Technology companies are rapidly deploying legal tools powered by generative Artificial Intelligence that promise to streamline research and drafting for lawyers. These systems can quickly generate legal arguments, summarize documents, and suggest citations, offering significant time savings for litigants and law firms seeking to manage growing workloads and client demands. The speed and scale of these tools are reshaping expectations around how legal work can be performed and delivered.
At the same time, reliance on generative Artificial Intelligence has already produced serious missteps in litigation practice, most notably sanctions rulings against parties that submitted briefs containing Artificial Intelligence fabricated legal citations. Courts have responded by scrutinizing how attorneys supervise the use of these tools and verify the accuracy of outputs, signaling that delegation of core legal judgment to generative Artificial Intelligence is incompatible with professional obligations. These early sanctions decisions underscore that efficiency gains do not excuse failures in diligence or candor to tribunals.

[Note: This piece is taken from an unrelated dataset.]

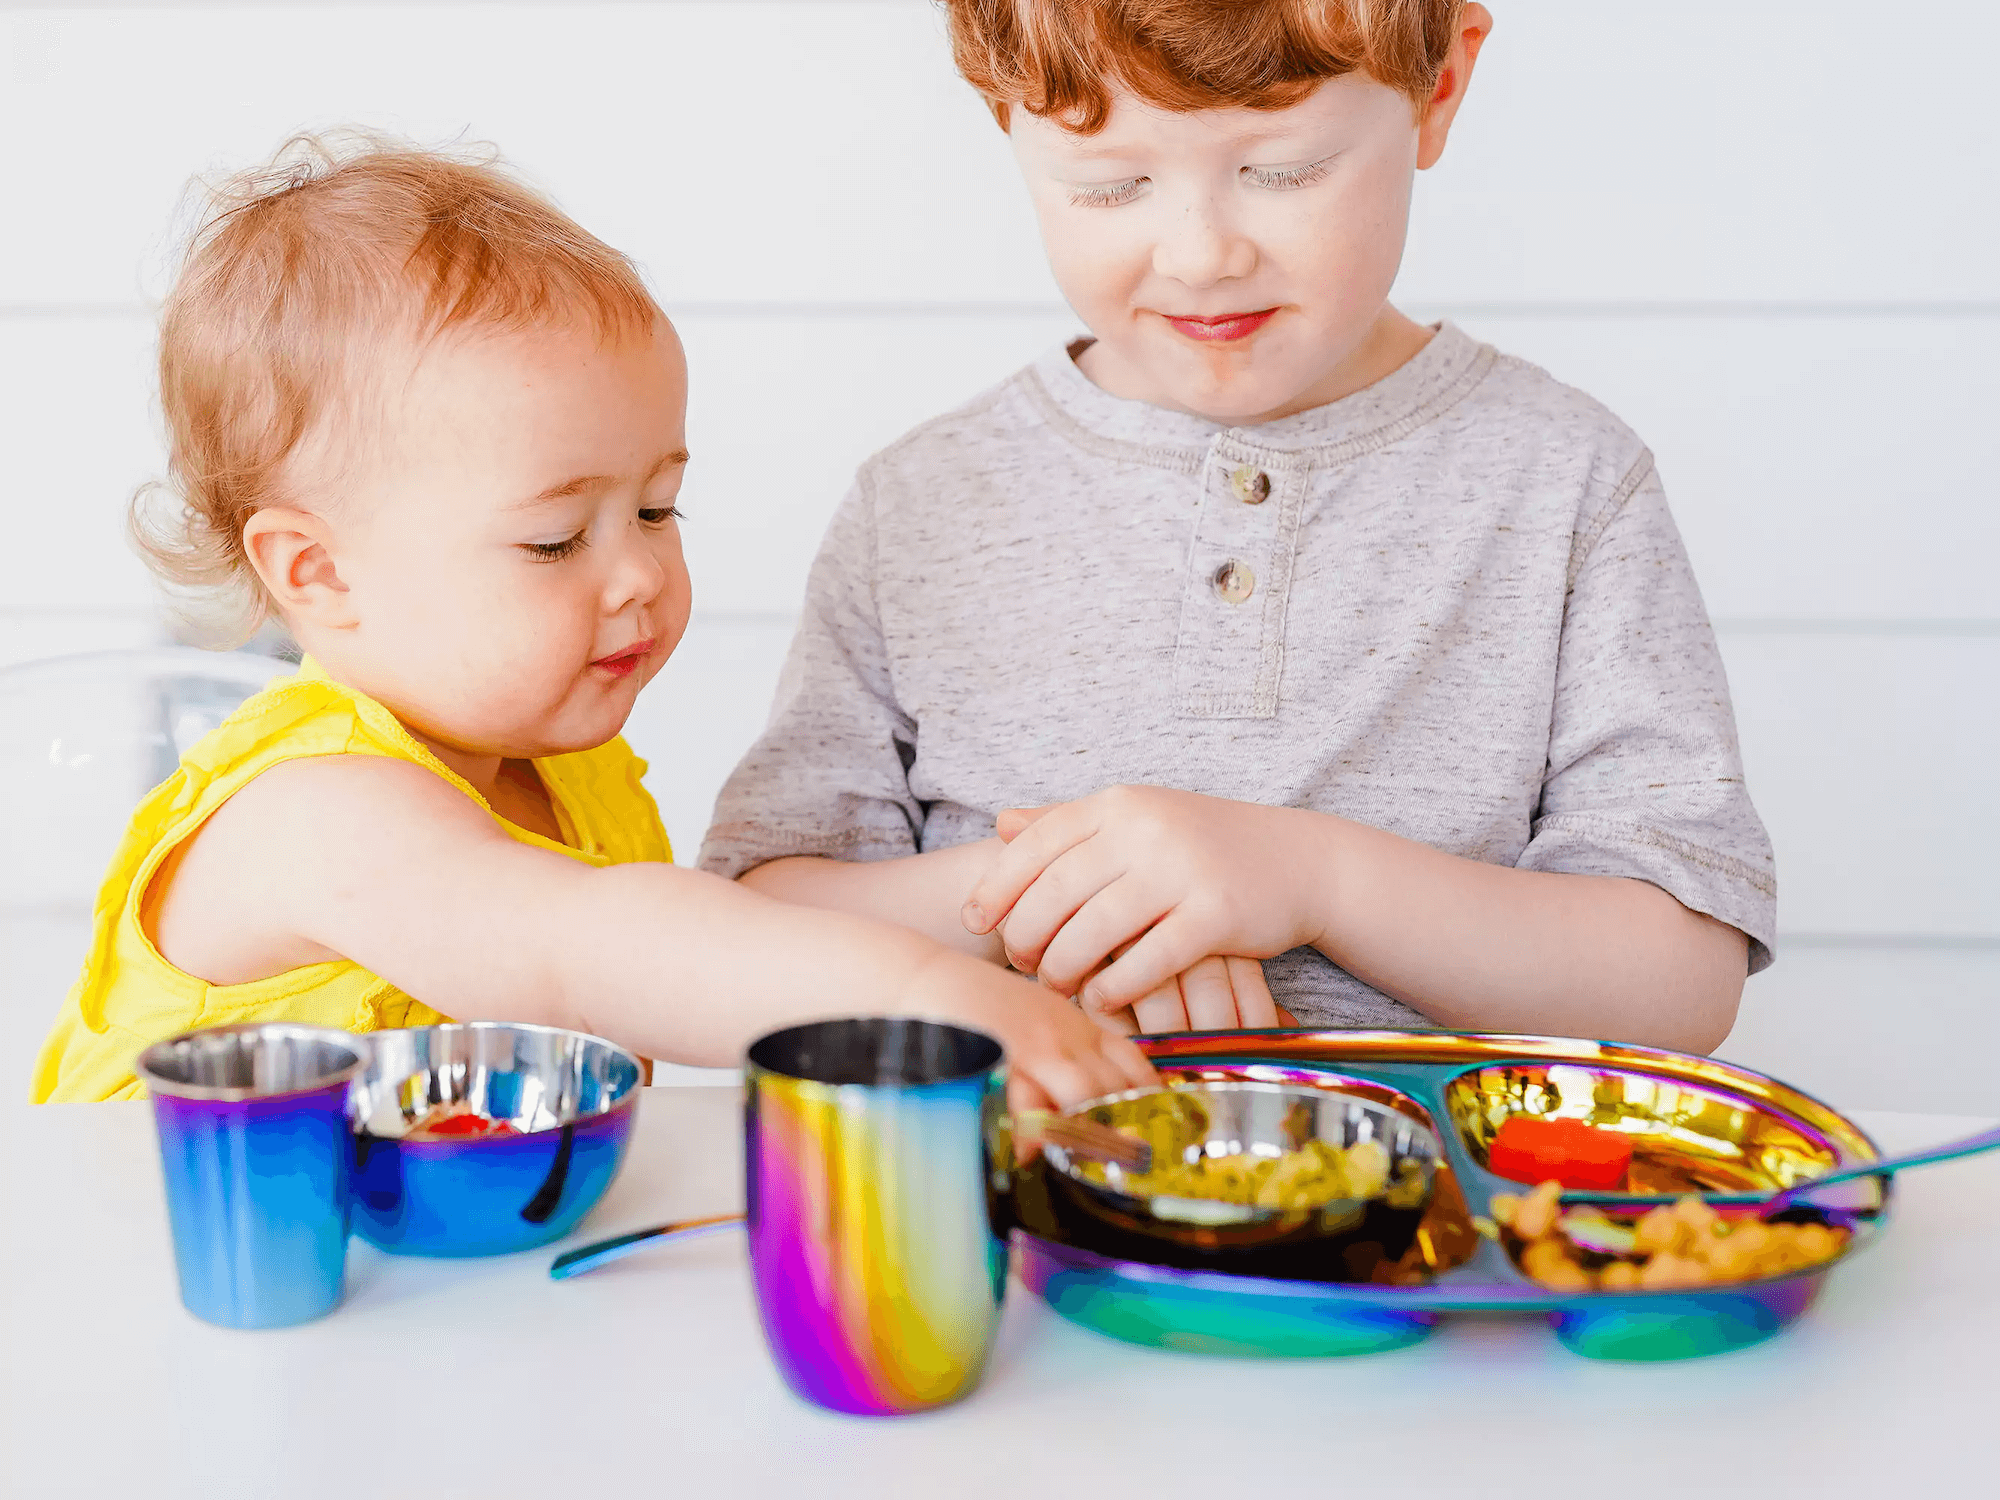 kids eating with stainless steel dishes

The growing integration of generative Artificial Intelligence into legal workflows also raises complex issues for maintaining attorney client privilege and work product protections. When confidential client information is entered into Artificial Intelligence driven platforms, questions emerge about how that data is stored, who may access it, and whether disclosure to third party providers could be argued to waive privilege. Law firms and in house legal departments must therefore evaluate technical settings, contractual terms, and usage policies for generative Artificial Intelligence tools to ensure that any efficiency benefits do not compromise the confidentiality that underpins privileged legal communications.